■ Exercise prompt ■
Give back, unaltered, the lines from the one with "Pro Solar Powered" to the end of the material, omitting pictures.

■ Input data ■
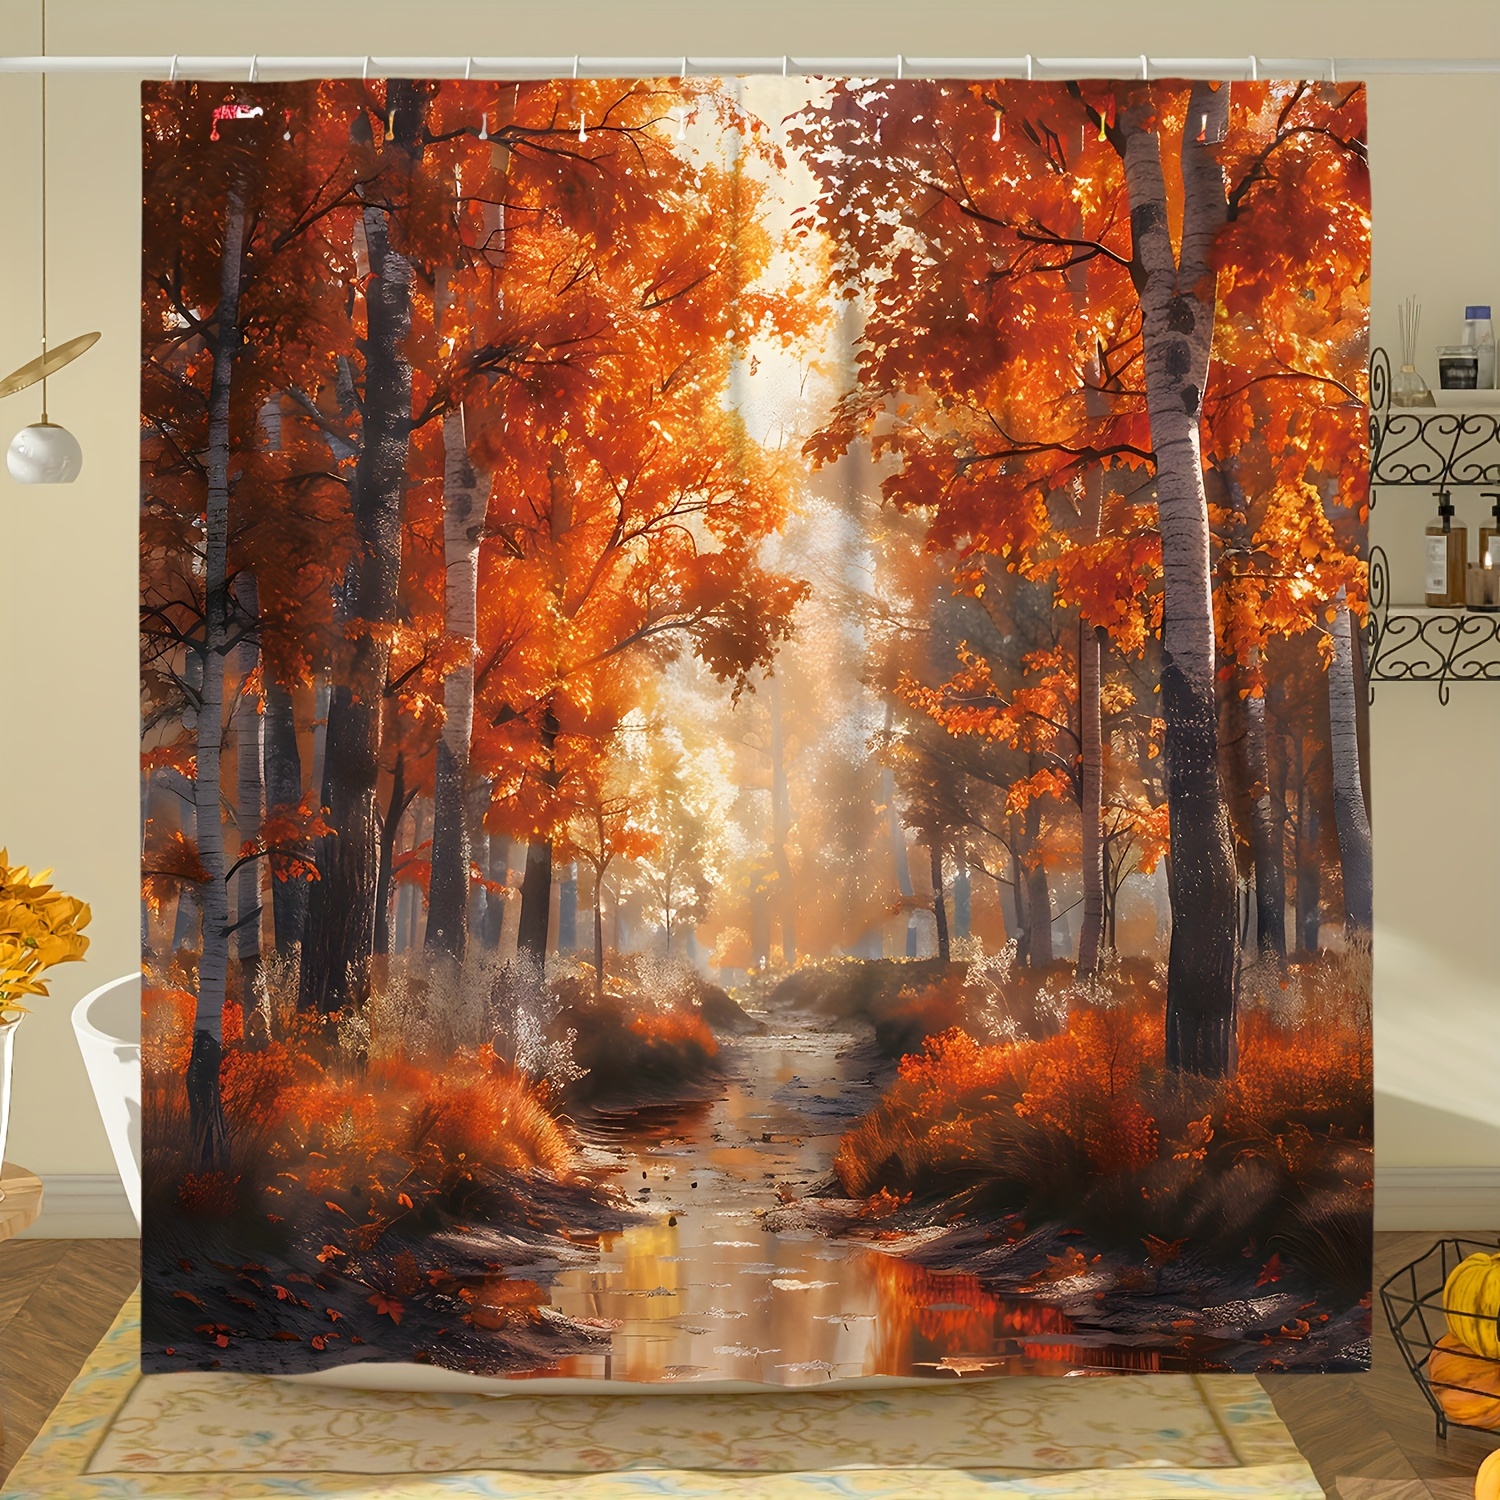 

Autumn Splendor Shower Curtain - Waterproof Polyester, Maple Leaf & Forest Design, Machine Washable With 12 Hooks, 71x71 Inches - Perfect For Fall Bathroom Decor
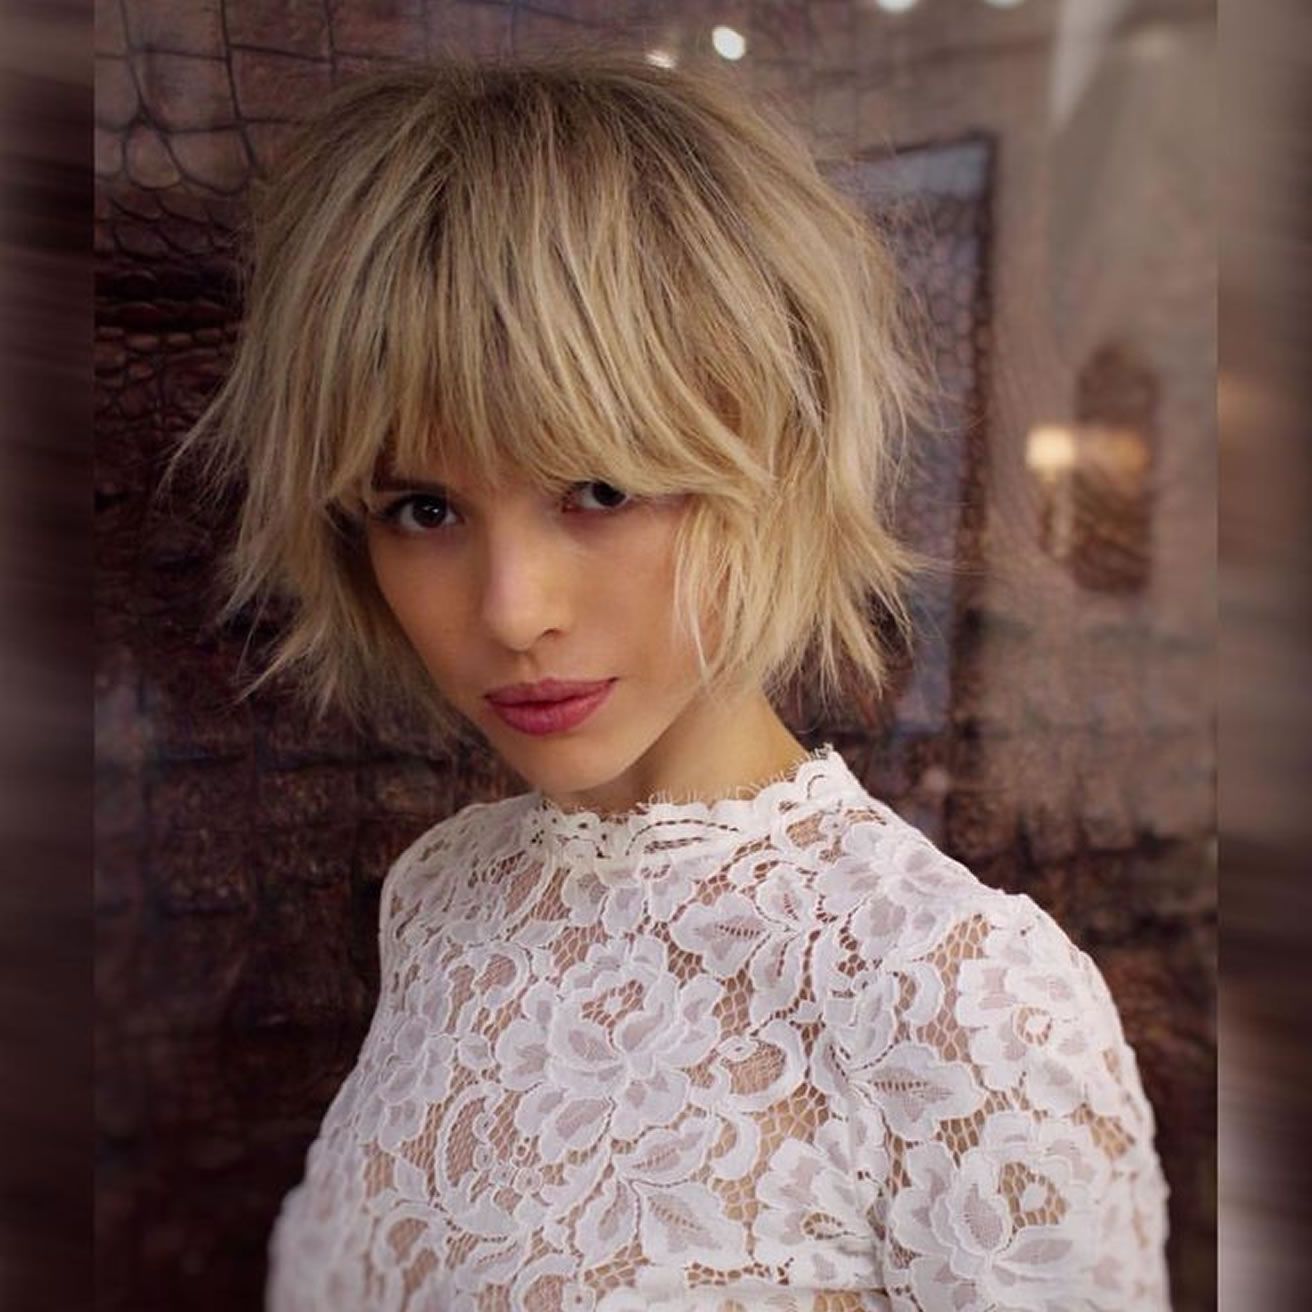 30 Best Asymmetric Short Haircuts For Women Of All Time – Page 2 With Regard To Asymmetric Short Haircuts (View 23 of 25)
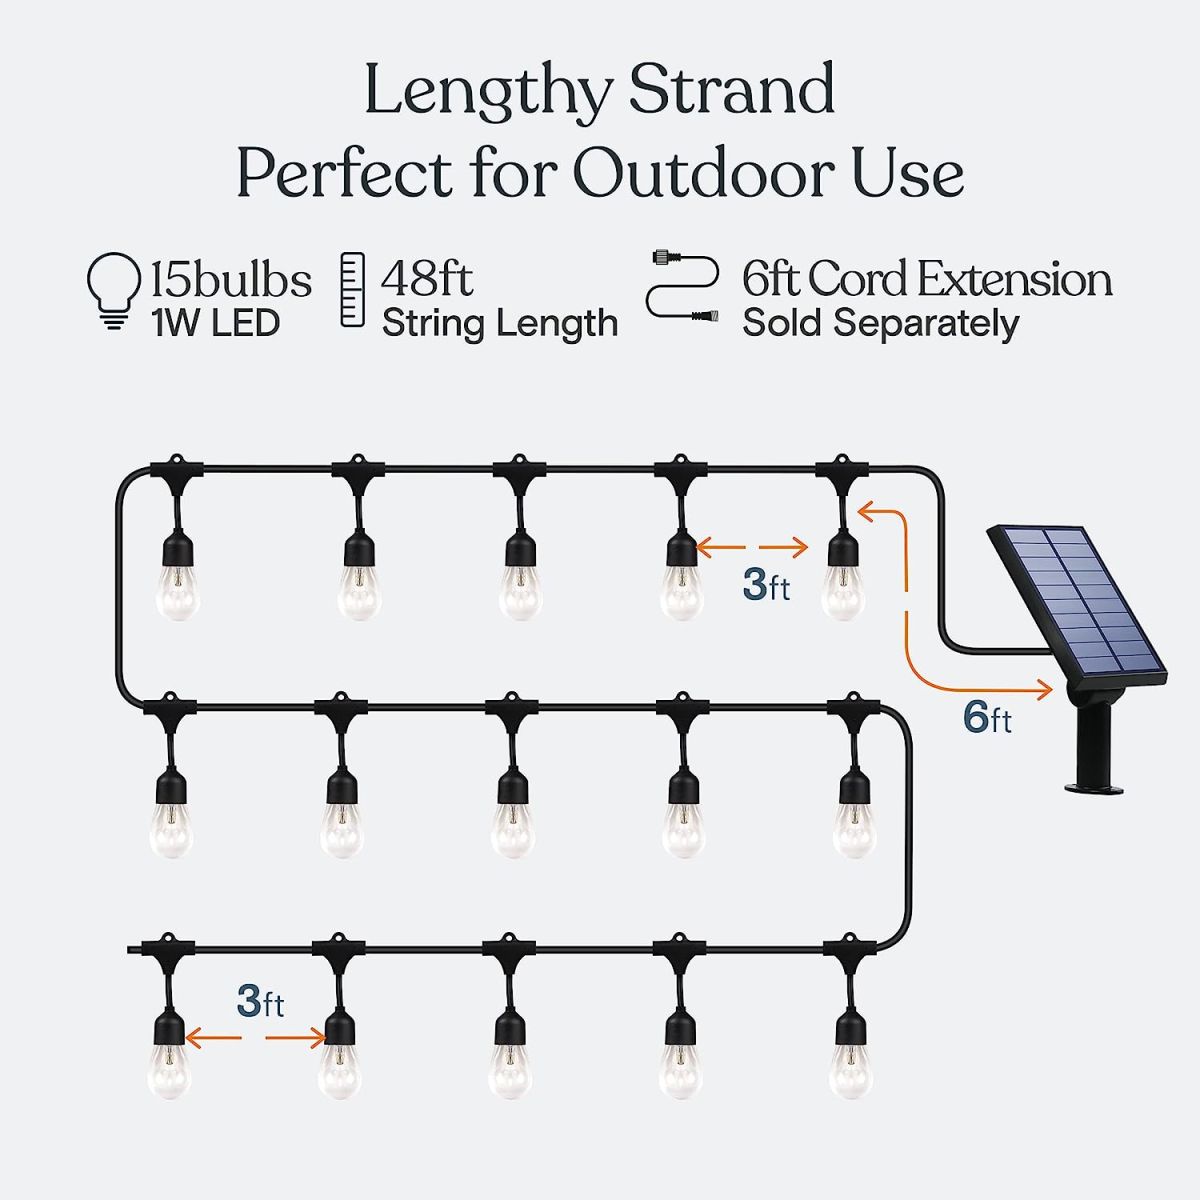 Pro Solar Powered Outdoor String Lights - Commercial Grade Waterproof Patio Lights with 48 Ft Edison Bulbs - Shatterproof LED Solar Outdoor String Lights - 1W LED, Soft White Light
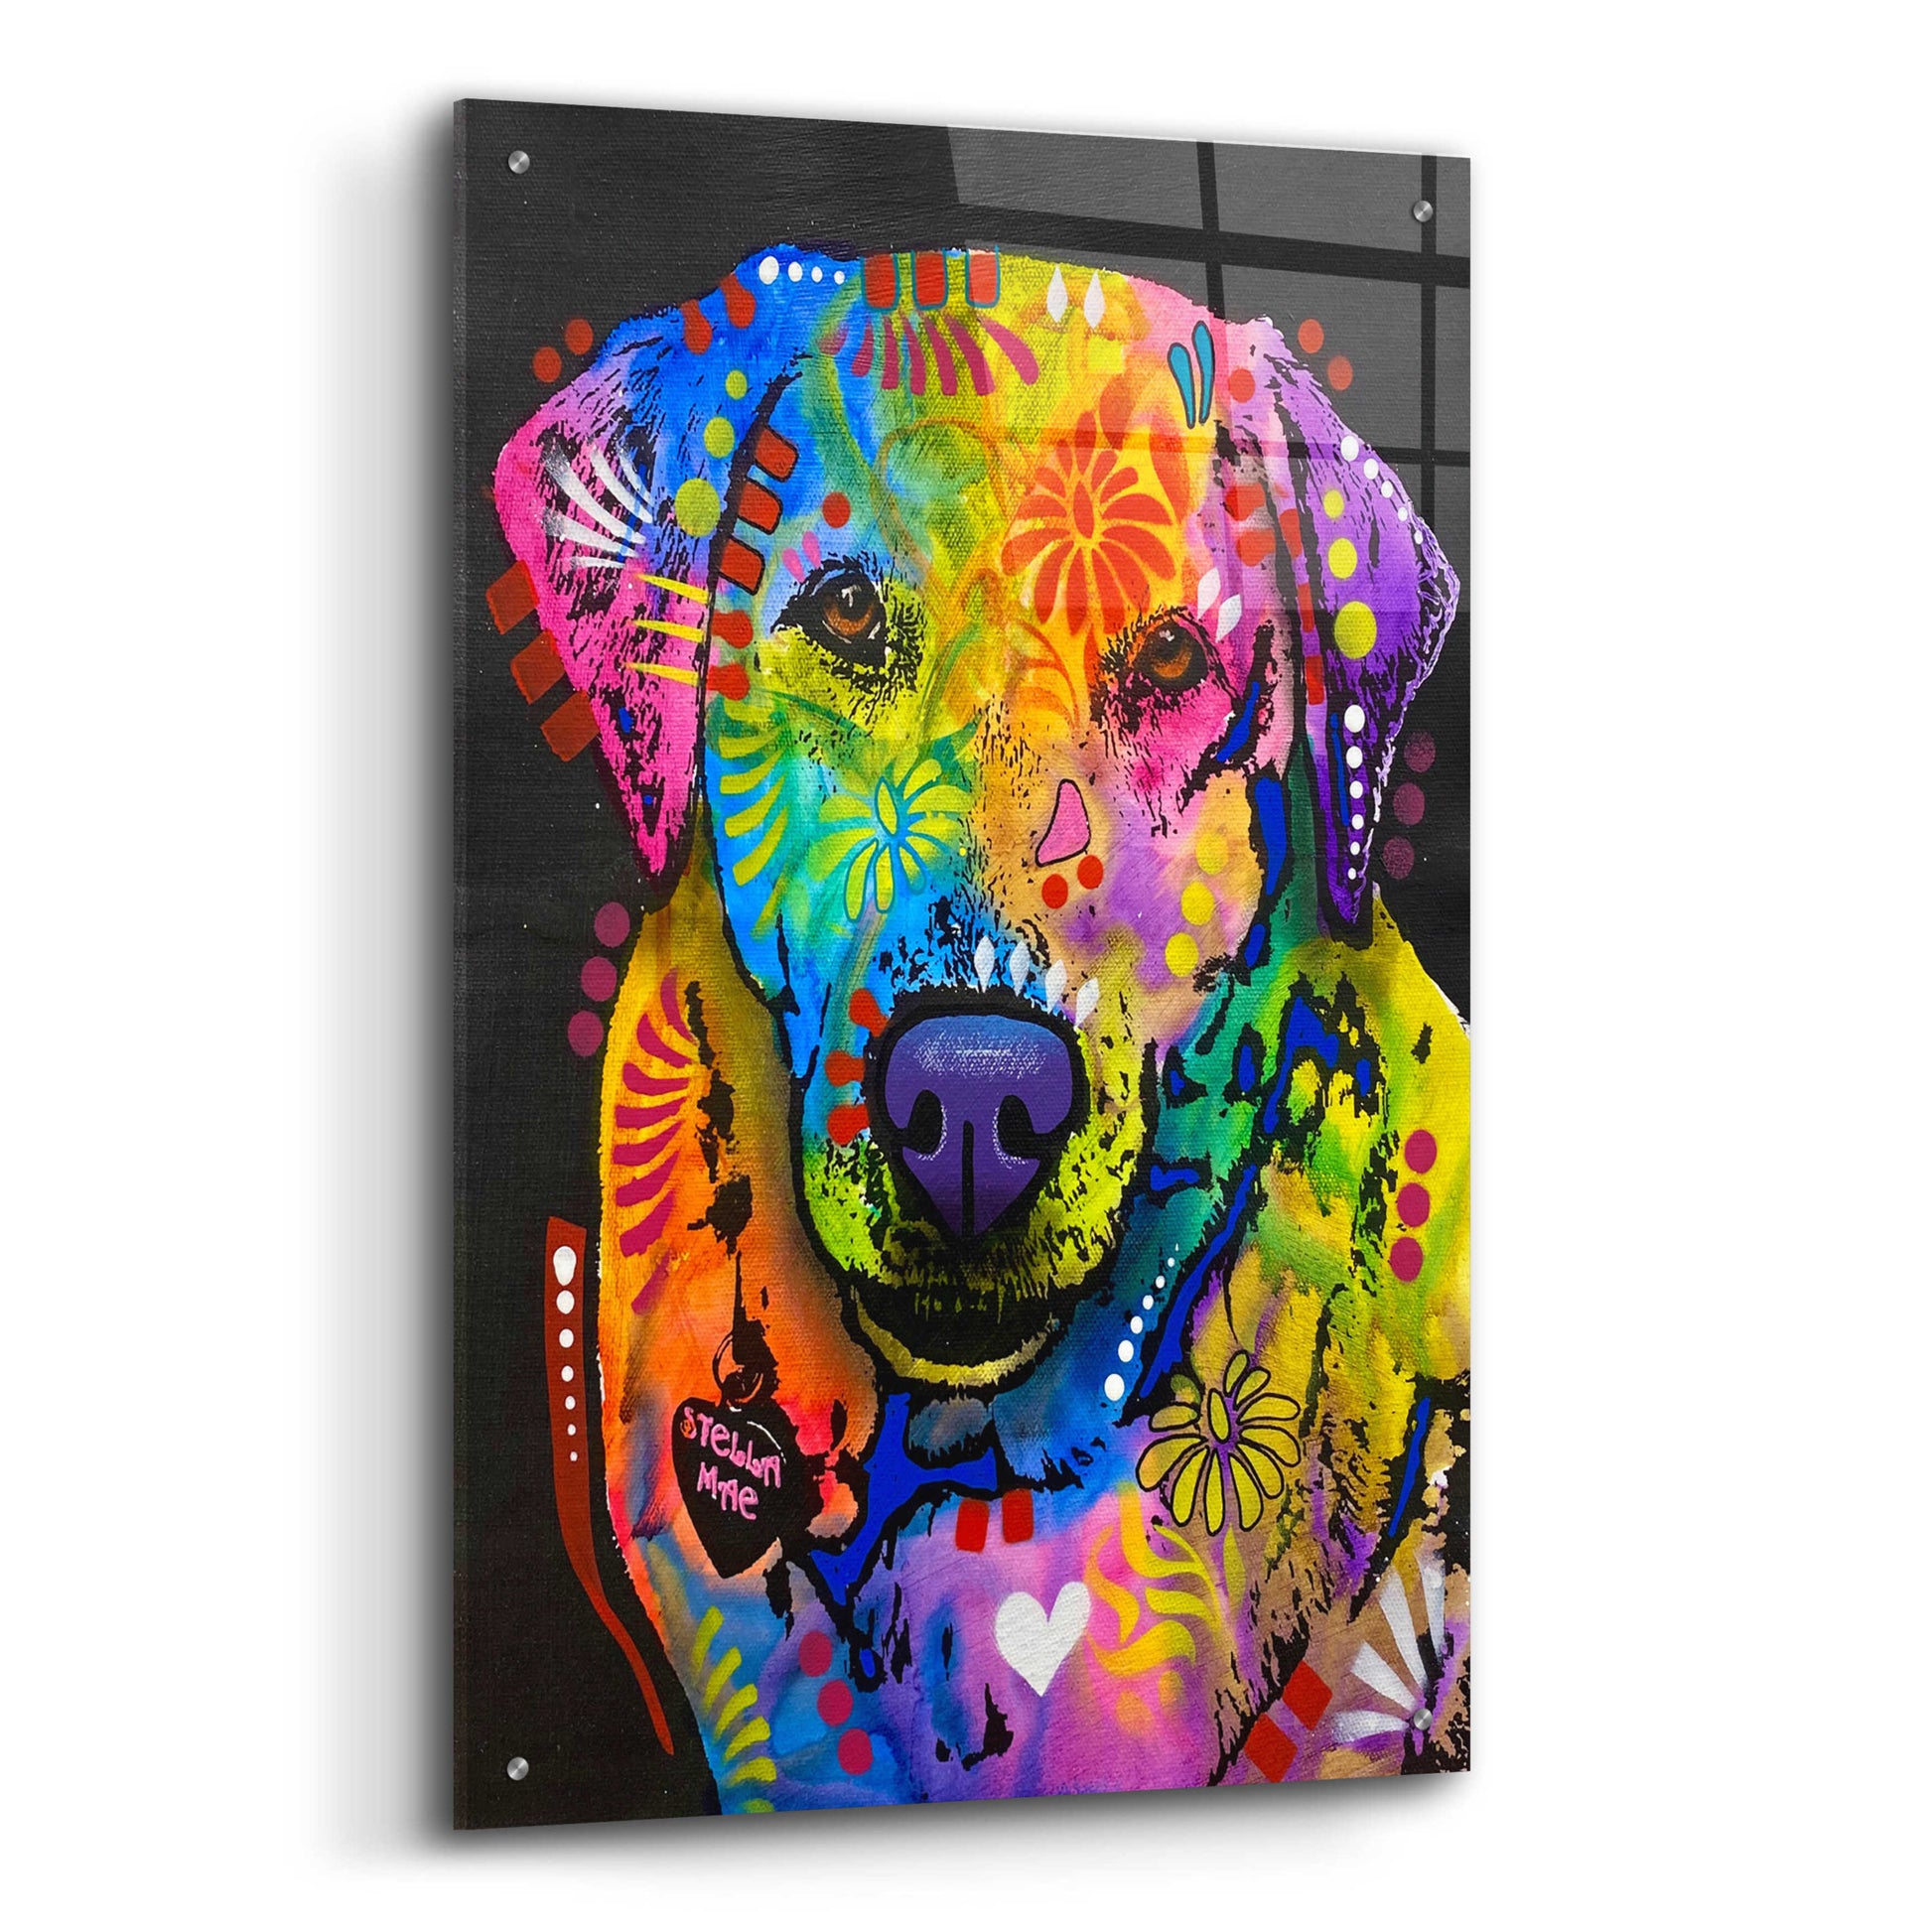 Epic Art 'Don't Do A Thing But Run Around' by Dean Russo, Acrylic Glass Wall Art,24x36

■ Answer to this task ■
 Pro Solar Powered Outdoor String Lights - Commercial Grade Waterproof Patio Lights with 48 Ft Edison Bulbs - Shatterproof LED Solar Outdoor String Lights - 1W LED, Soft White Light
 Epic Art 'Don't Do A Thing But Run Around' by Dean Russo, Acrylic Glass Wall Art,24x36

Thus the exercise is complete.